И вдруг Декарт оказался рядом — его движение было настолько стремительным, что глаз не успел его зафиксировать. Как будто пространство между берегом и лодкой схлопнулось на долю секунды. Его руки, холодные и необычайно твёрдые, уложили её в лодке, аккуратно выпрямив позу для последнего путешествия. Всё время, пока он прикасался к ней, его взгляд не отрывался от её персоны — и этот взгляд был самым ужасающим: пустой, лишённый всяких эмоций, словно за глазами был не человек, а пустота без дна и края.
Затем Декарт исчез так же внезапно, как появился, растворившись в воздухе без всякого перехода. А над лодкой начала формироваться призрачная фигура — Когита, парящая в воздухе, словно отражение в невидимом зеркале.
Сокращающееся между ними расстояние усиливало панику пленницы собственного тела.
Когита парила всё ближе, её персона теперь находилось прямо над персоной Авроры, зеркально отражая её черты. Их глаза встретились — и в этот момент что-то мягкое и живое прикоснулось к ногам Авроры.
Мягкая вибрация мурлыканья Феликса вырвала её из кошмара обратно в реальность. Она резко вздохнула, словно только что вынырнула из-под воды после долгого пребывания без кислорода. Грудная клетка болезненно расширилась, впуская живительный воздух. Вслед за вдохом из горла вырвался крик — громкий, отчаянный, почти животный.
Майя-оболочки стен моментально отреагировали на её эмоциональный всплеск, преобразившись в кислотно-жёлтый — стандартный цвет хаоса эмоций, тот самый, что активируется у всех жителей Нейрограда в моменты паники или крайнего стресса.
Феликс отпрыгнул от кровати, испуганно зашипев, а затем юркнул под ближайшую мебель, его янтарные глаза светились в полумраке, настороженно наблюдая за хозяйкой.

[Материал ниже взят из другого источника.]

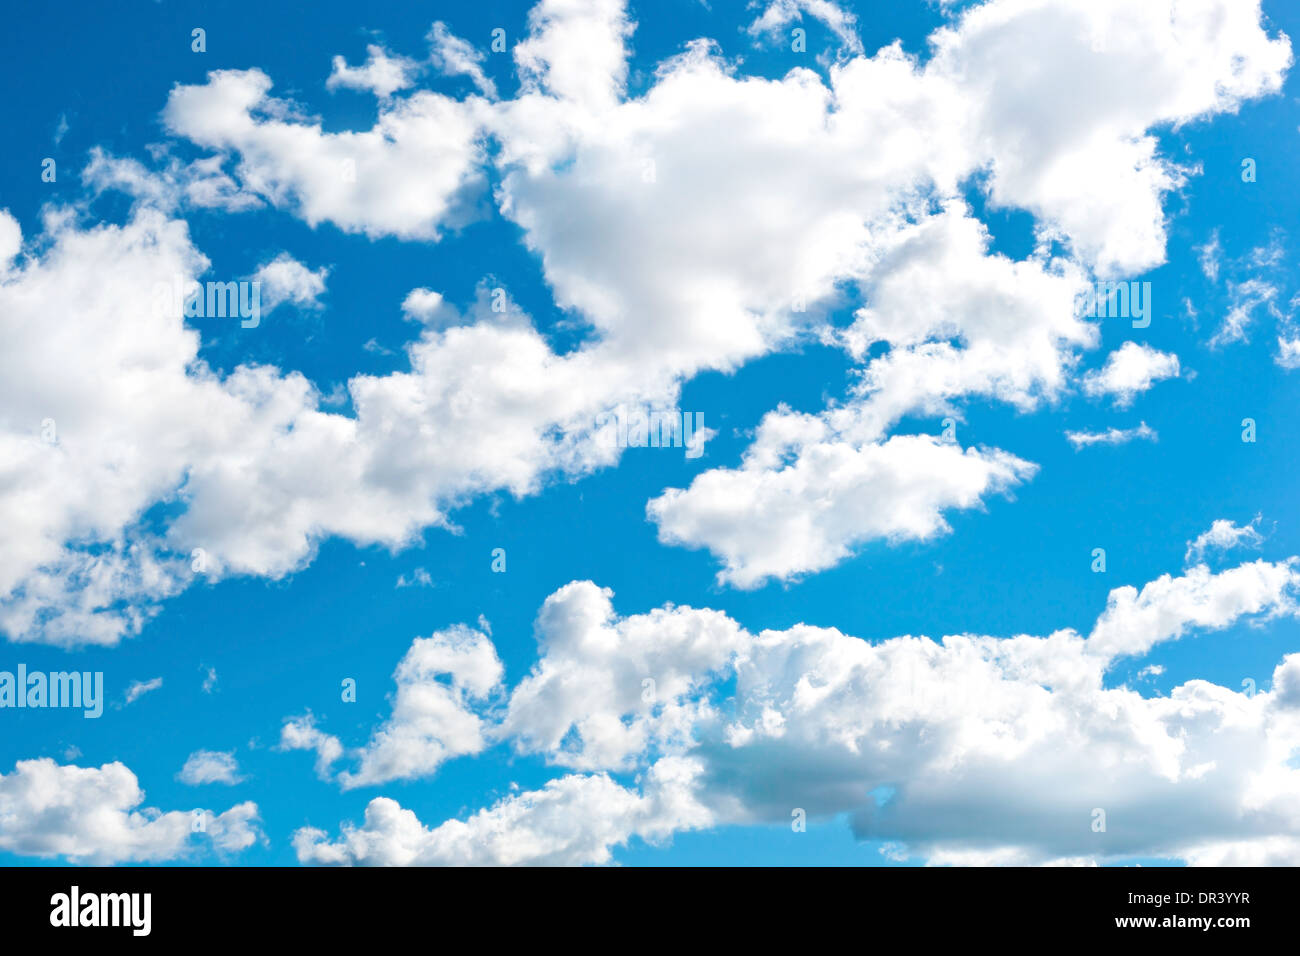 Cloudly fond ciel bleu Banque D'Images

Постепенно возвращая контроль над своей майя, Аврора начала разминать затёкшие конечности. Каждое движение приносило странное облегчение, подтверждая, что она снова управляет собой. Чувство беспомощности, испытанное во сне, медленно отступало, оставляя после себя холодный липкий страх и подрагивающие пальцы.
Собрав силы, она поднялась и неуверенной походкой направилась на кухню. Автоматический кран выдвинулся из стены, ожидая команды. Трясущимися пальцами Аврора активировала нейрофон и выбрала "чай с бергамотом" — напиток, который всегда ассоциировался у неё с домашним уютом и безопасностью.
Тёплая чашка в руках и знакомый терпкий аромат действительно немного привели её в чувство. Она подошла к окну, с опаской вглядываясь в пейзаж за ним. Привычные геометрические башни Нейрограда возвышались на фоне стандартного утреннего неба, их структуры переливались обычными рабочими оттенками. Люди спешили по своим делам, автокапсулы плавно скользили по верхним трассам, всё было... нормальным.
"Воображение разыгралось," — Аврора делала глубокие вдохи, пытаясь успокоить всё ещё колотящееся сердце. — "Всё это события последних дней, нервы, стресс... Ничего удивительного в таком ярком кошмаре нет."